[INSTRUCTIONS FOR THE TASK]: Where the line containing "dein Skandi Zuhause." appears below, start there and repeat each line exactly to the end. Leave the pictures out.

(SUPPLIED INFORMATION begins)

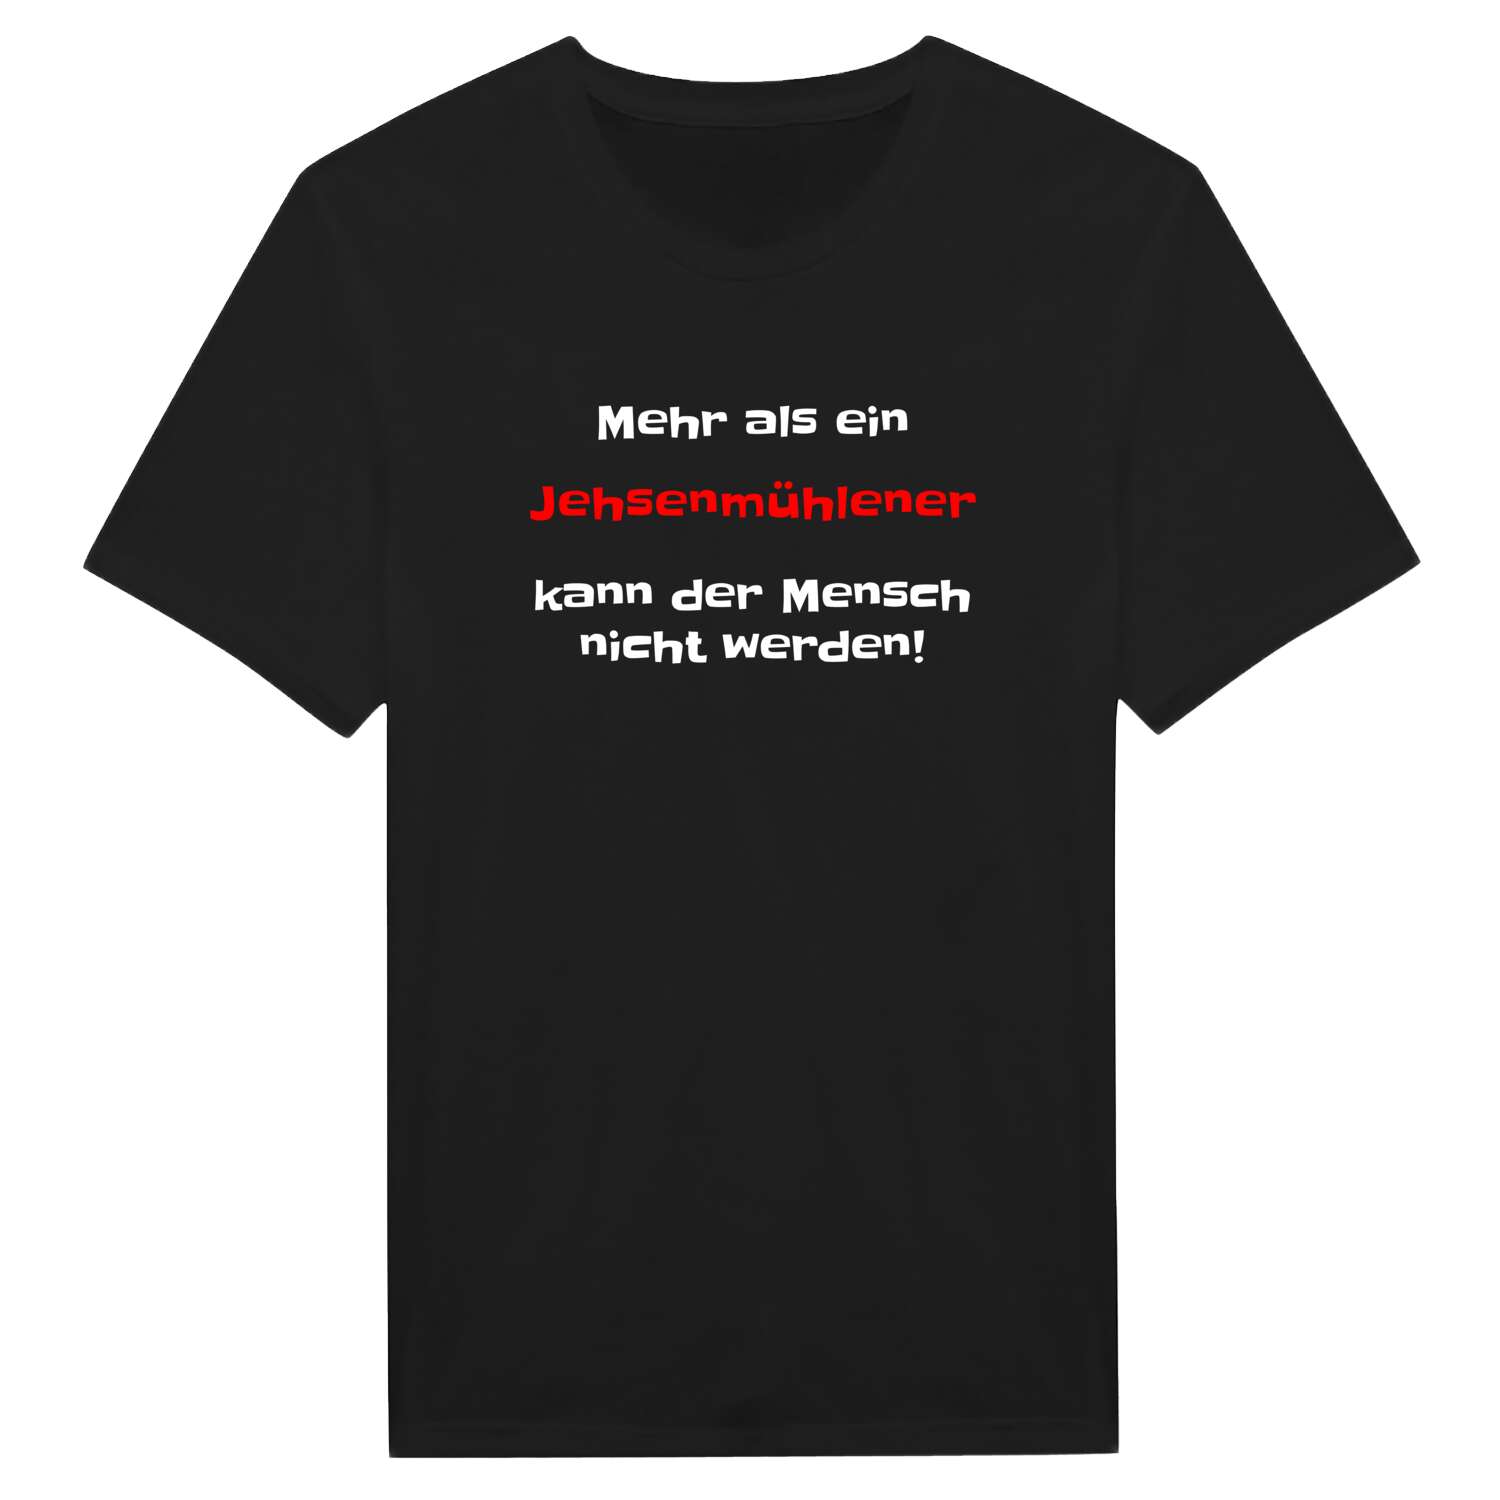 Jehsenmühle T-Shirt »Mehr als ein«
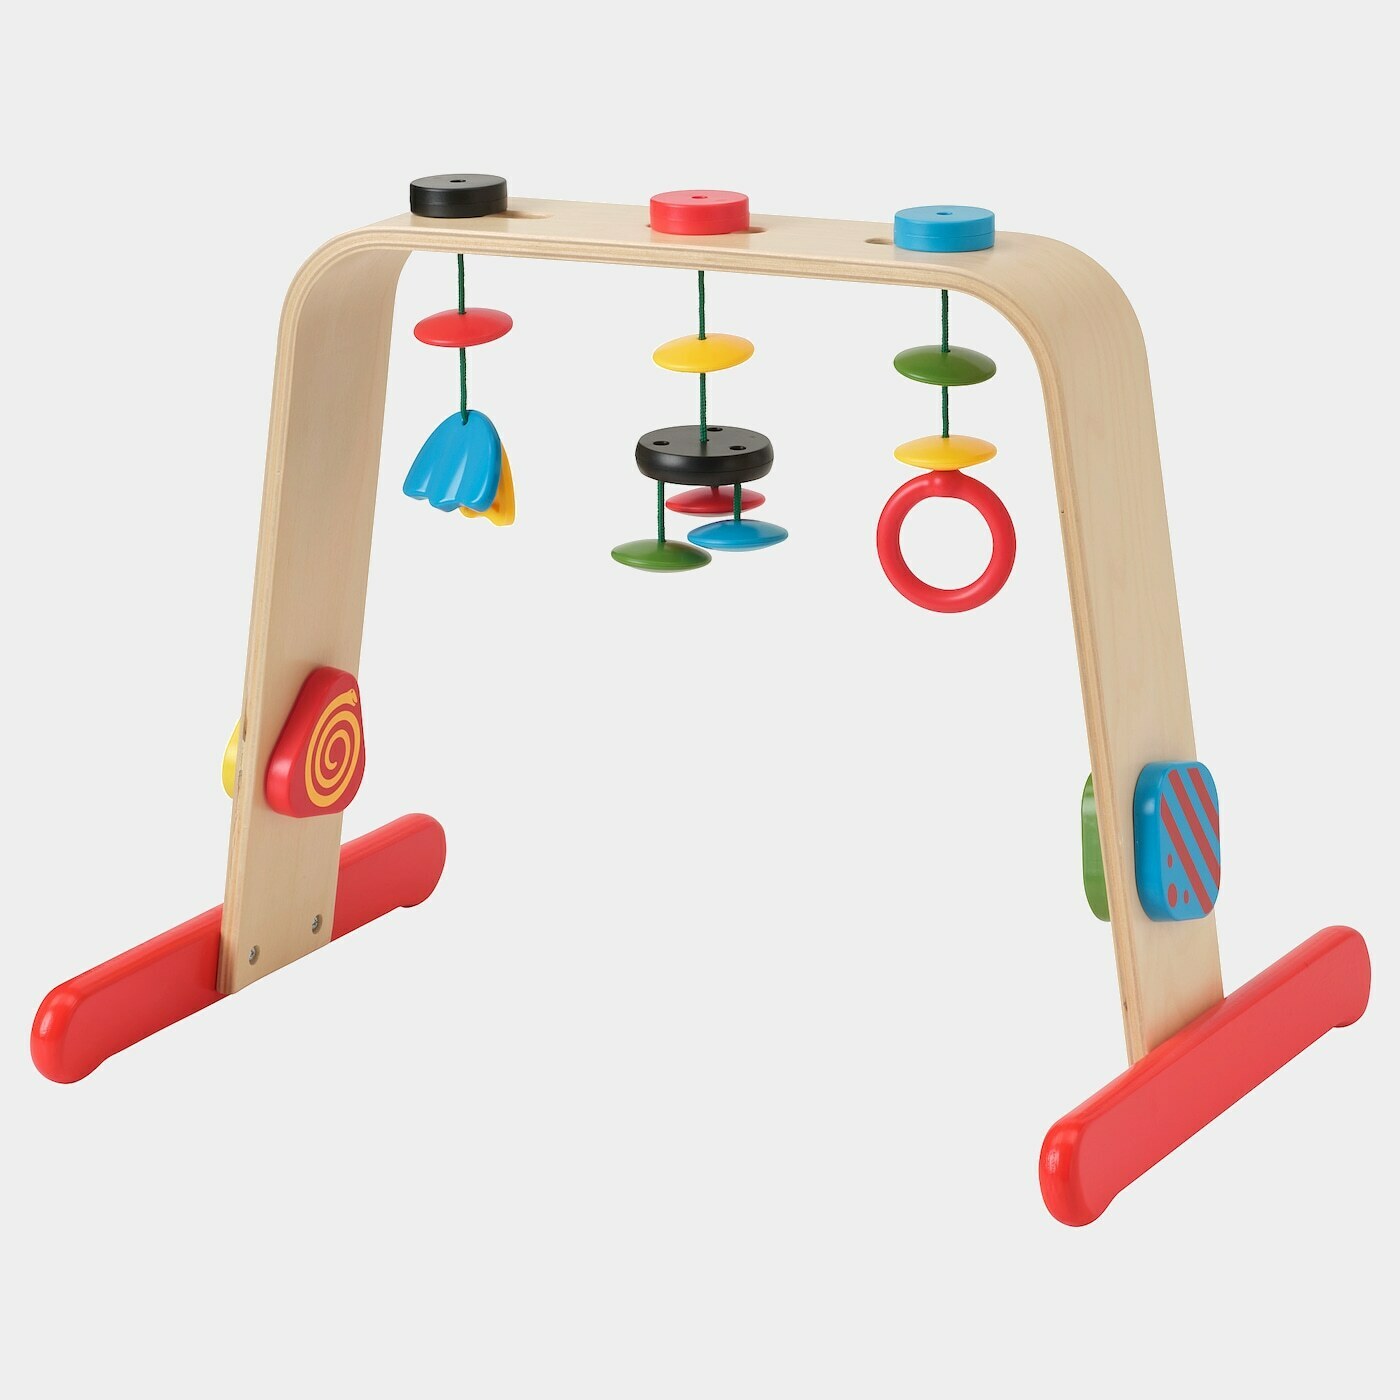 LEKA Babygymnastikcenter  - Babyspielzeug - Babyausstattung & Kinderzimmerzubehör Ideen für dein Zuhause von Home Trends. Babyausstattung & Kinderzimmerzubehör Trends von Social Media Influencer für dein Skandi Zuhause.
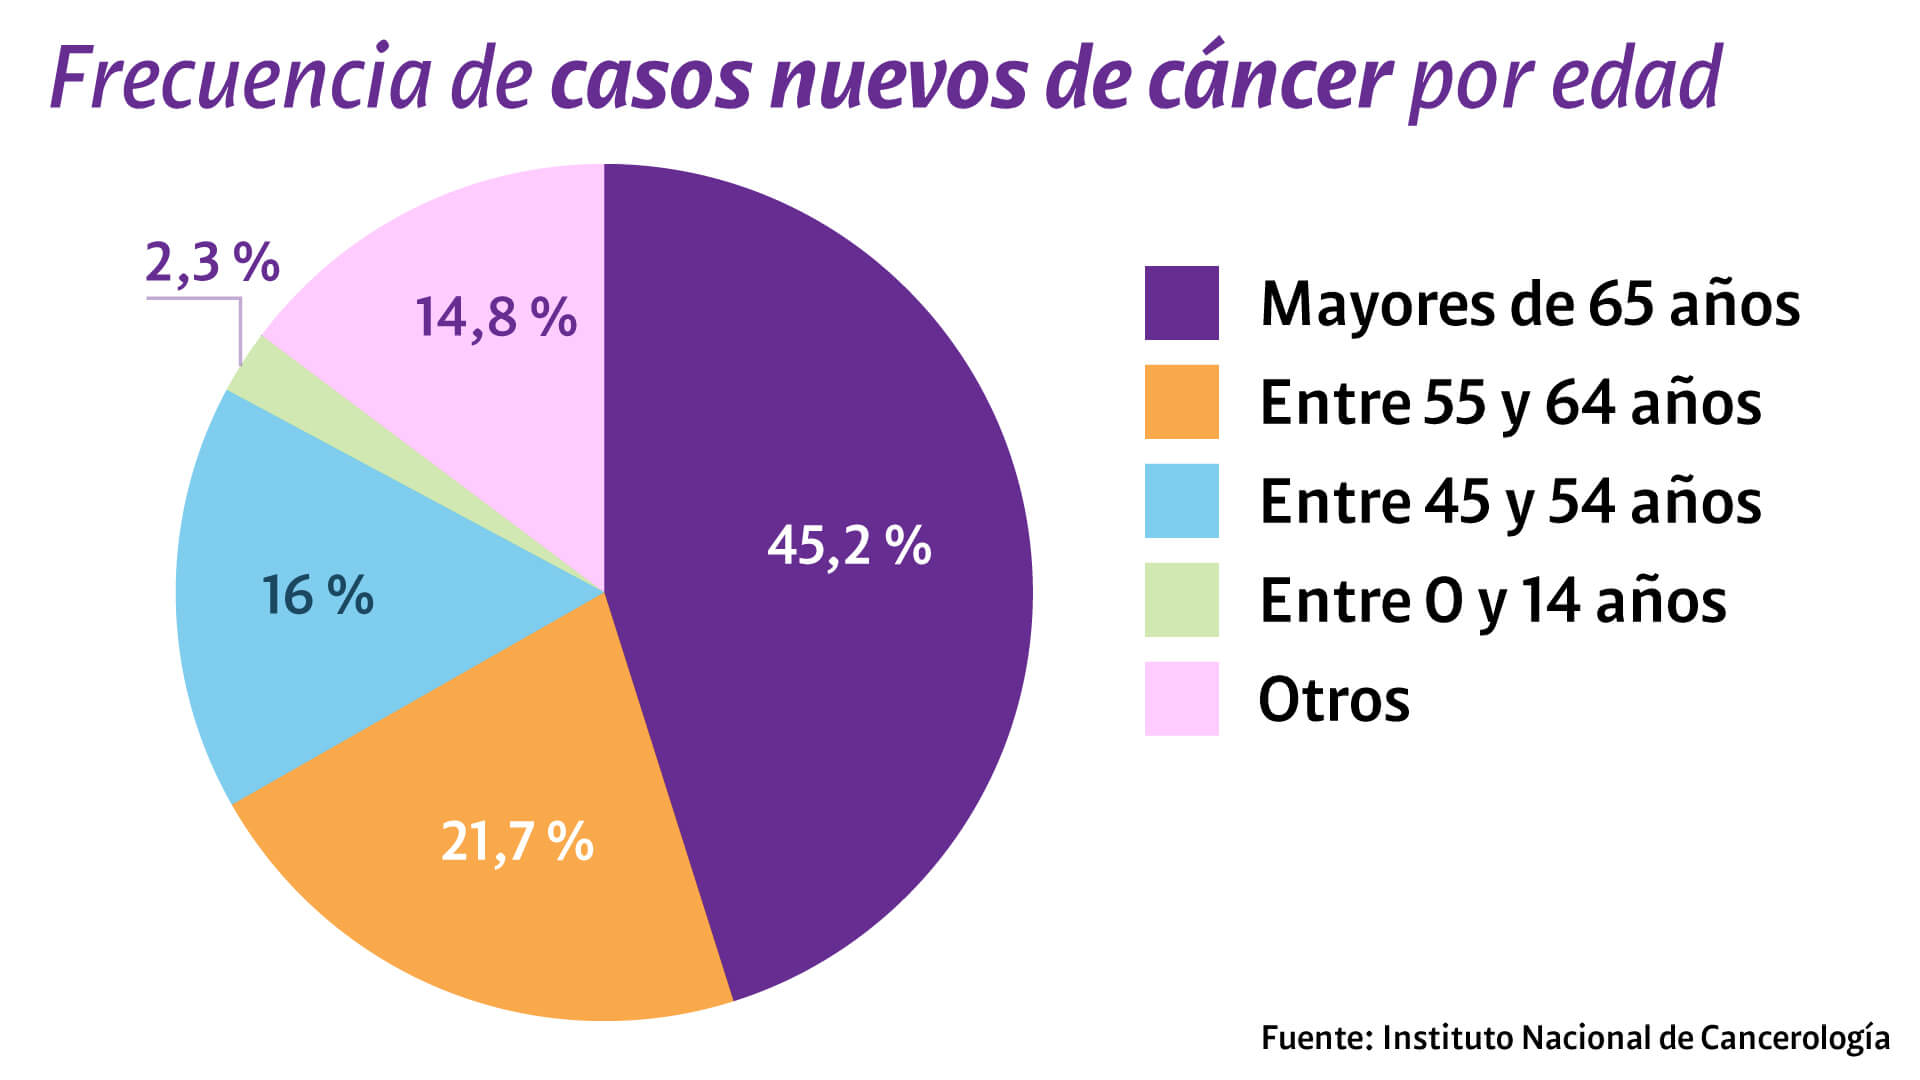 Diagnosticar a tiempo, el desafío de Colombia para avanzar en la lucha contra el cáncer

(SUPPLIED INFORMATION ends)

[WRITTEN RESPONSE]:
 LEKA Babygymnastikcenter  - Babyspielzeug - Babyausstattung & Kinderzimmerzubehör Ideen für dein Zuhause von Home Trends. Babyausstattung & Kinderzimmerzubehör Trends von Social Media Influencer für dein Skandi Zuhause.
 Diagnosticar a tiempo, el desafío de Colombia para avanzar en la lucha contra el cáncer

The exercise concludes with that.